US-Kriegsminister nimmt China ins Visier

Im Rahmen des jährlichen strategisch-militärischen Shangri-La-Dialogs in Singapur lieferte US-Kriegsminister Pete Hegseth am vergangenen Samstag eine Rede voller Heuchelei und Unwahrheiten. Hegseth nahm besonders China aufs Korn und betonte, es gebe „berechtigte Besorgnis hinsichtlich Chinas historischem Militäraufbau und der Ausweitung seiner militärischen Aktivitäten in der Region und darüber hinaus“.

US-Kriegsminister Pete Hegseth spricht auf dem Shangri-La Dialogforum, der asiatischen Sicherheitskonferenz in Singapur, am 30. Mai 2026 [AP Photo/Achmad Ibrahim]

Hegseth forderte einmal mehr alle strategischen Verbündeten und Partner im gesamten indopazifischen Raum auf, ihre Militärausgaben drastisch zu erhöhen und gemeinsam mit den Vereinigten Staaten zu handeln. Unter dem Vorwand, regionalen Frieden und Stabilität erhalten zu wollen, soll so die Vorbereitungen auf einen Krieg gegen China abgestimmt werden.

Hegseths Äußerungen sind absurd. Dies dürfte den Verteidigungsministern, hochrangigen Militärs und strategischen Entscheidungsträgern, die sich auf Asiens wichtigster Sicherheitskonferenz versammelt hatten, nicht entgangen sein – selbst jenen nicht, die auf der Seite des US-Imperialismus stehen.

Hegseth erklärte wiederholt, dass der massive Aufbau der US-Streitkräfte in Asien schlicht deshalb notwendig sei, um einen Aufstieg Chinas zur regionalen Hegemonialmacht zu verhindern. Die USA, so erklärte er, übten – in den Worten des ehemaligen Präsidenten Theodore Roosevelt – eine Führungsrolle aus, die „selbstbewusst genug ist, leise zu sprechen und zu gehen, während man einen großen Stock trägt“. Und Hegseth weiter: „Wir sind die Macht, die daran arbeitet, das Gleichgewicht aufrechtzuerhalten, ohne allzu störend zu wirken, schlicht und einfach.“

Tatsächlich sind die USA keine Kraft für Stabilität und Frieden, wie US-Kriegsminister Hegseth behauptet.
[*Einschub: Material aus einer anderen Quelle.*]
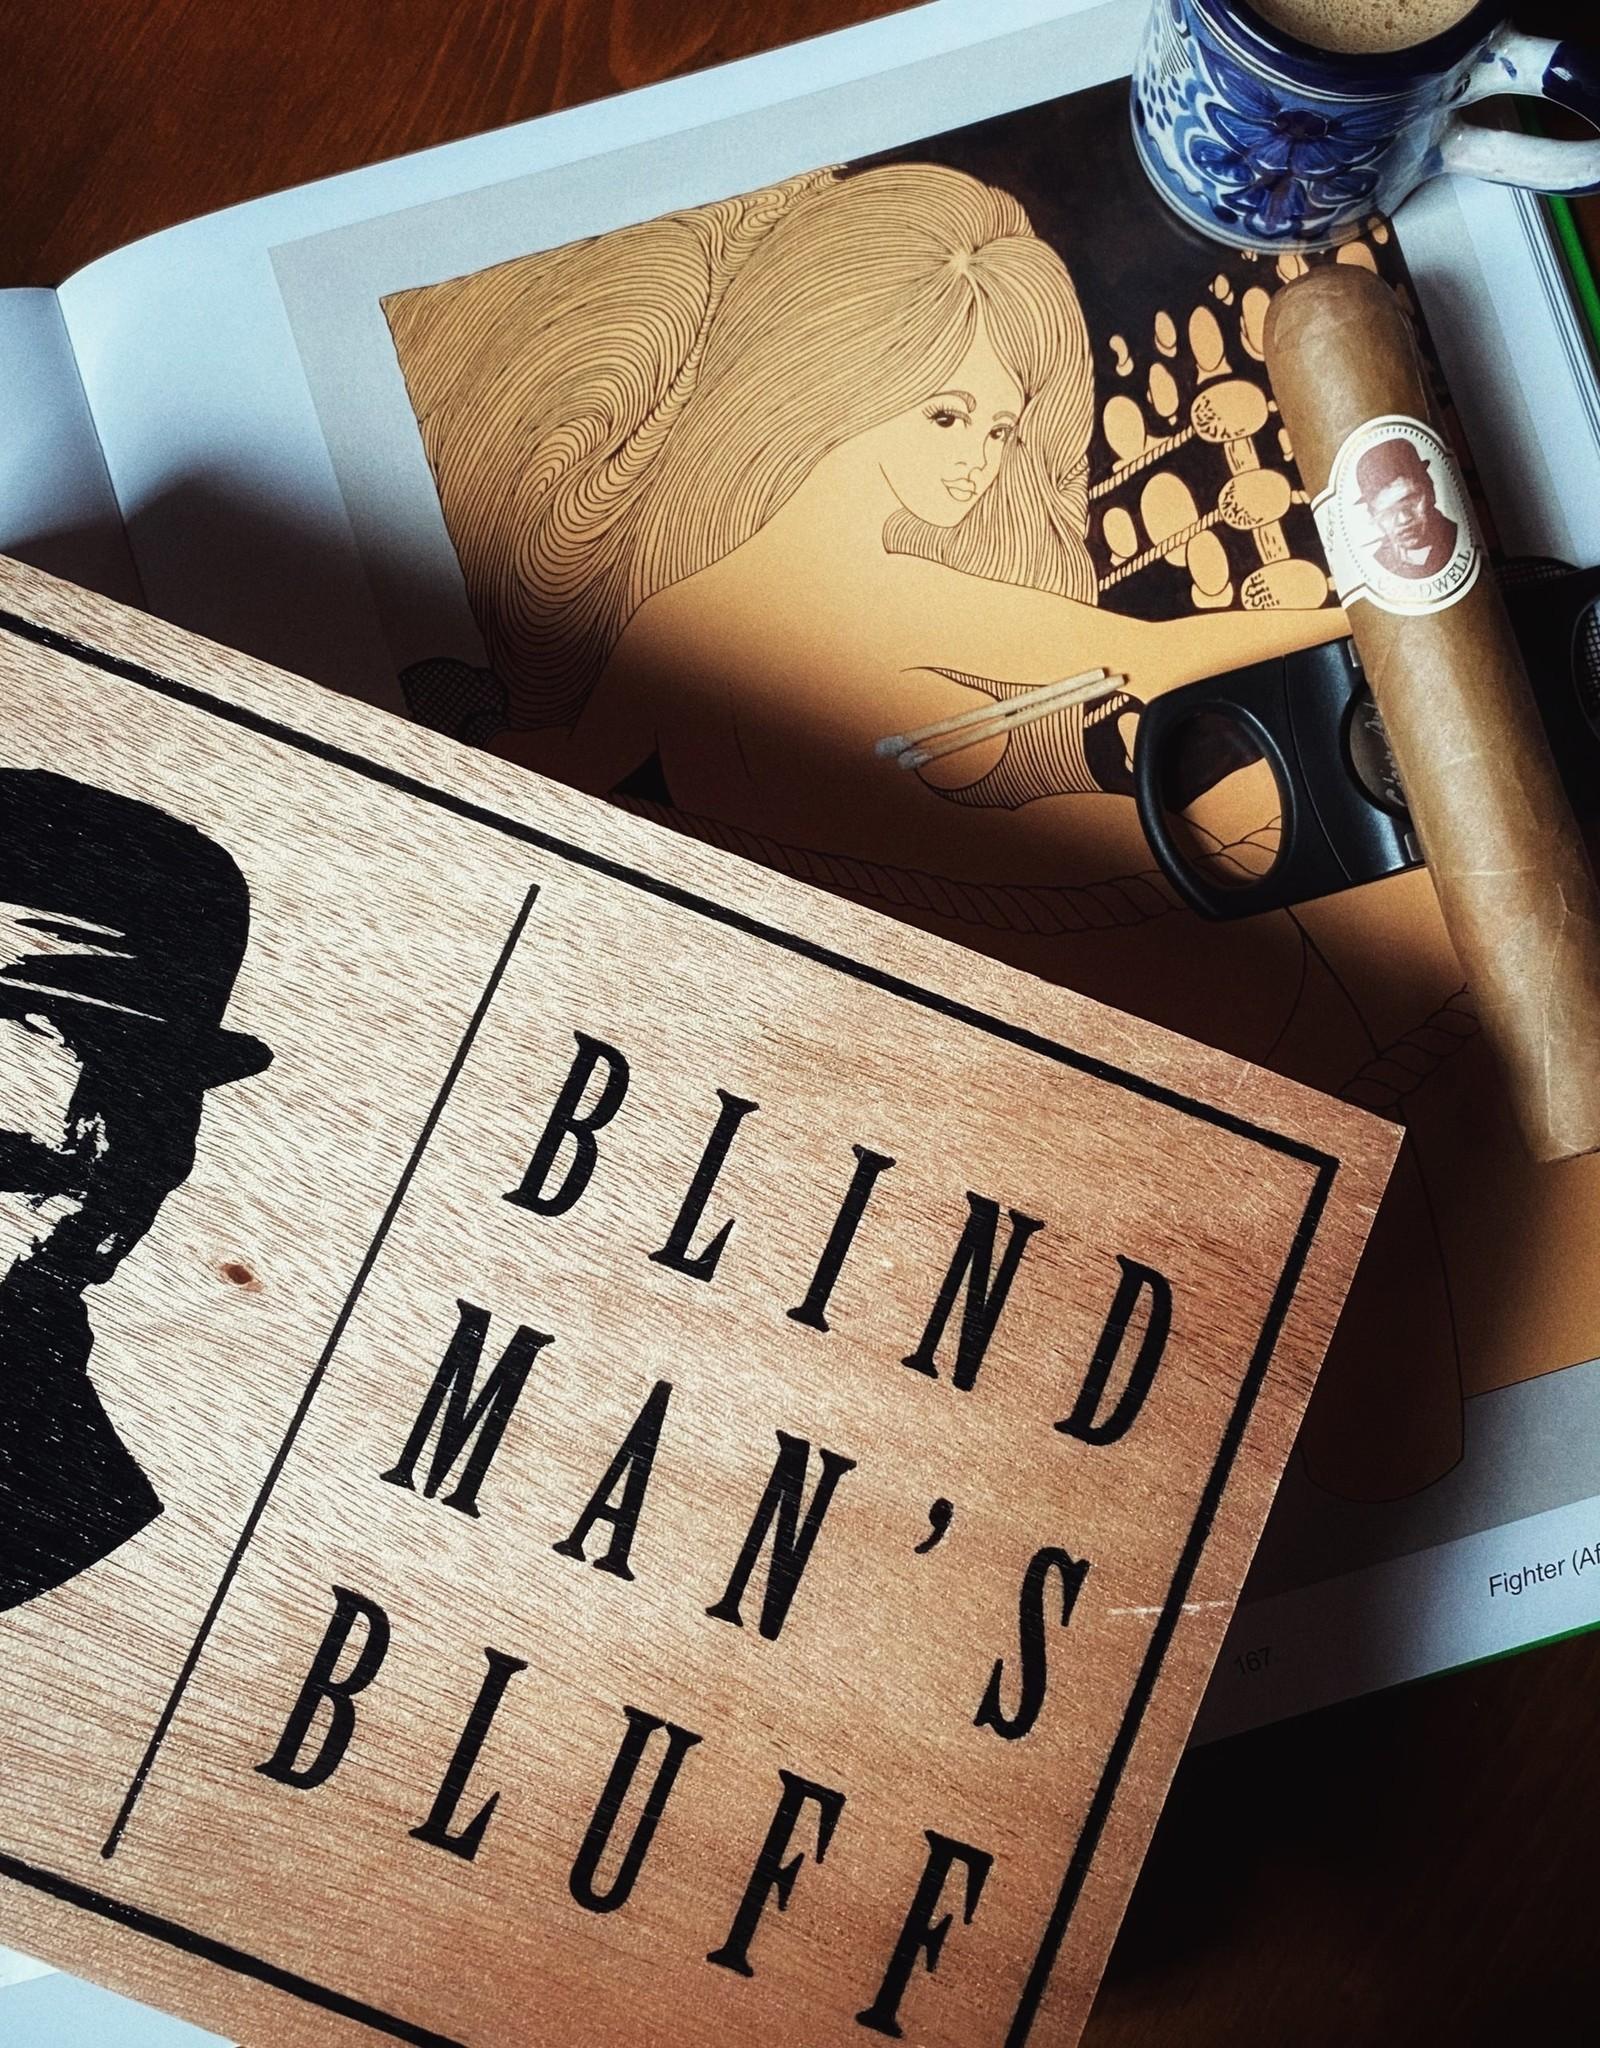 Caldwell Cigar Co Caldwell Blind Man's Bluff Connecticut 6 x 60 Five Pack

Sie begehen vielmehr gerade einen globalen militärischen Amoklauf unter offener Verletzung des Völkerrechts und ohne jegliches Mandat der UNO oder des US-Kongresses. Seine ganze Amtszeit brüstet sich der US-Kriegsminister bereits damit, dass die Trump-Regierung amerikanische nationale Interessen verfolge, so etwa durch die militärische Entführung des venezolanischen Präsidenten Nicolás Maduro, das mörderische Versenken von Fischereibooten in lateinamerikanischen Gewässern und den unprovozierten Krieg der USA und Israels gegen den Iran.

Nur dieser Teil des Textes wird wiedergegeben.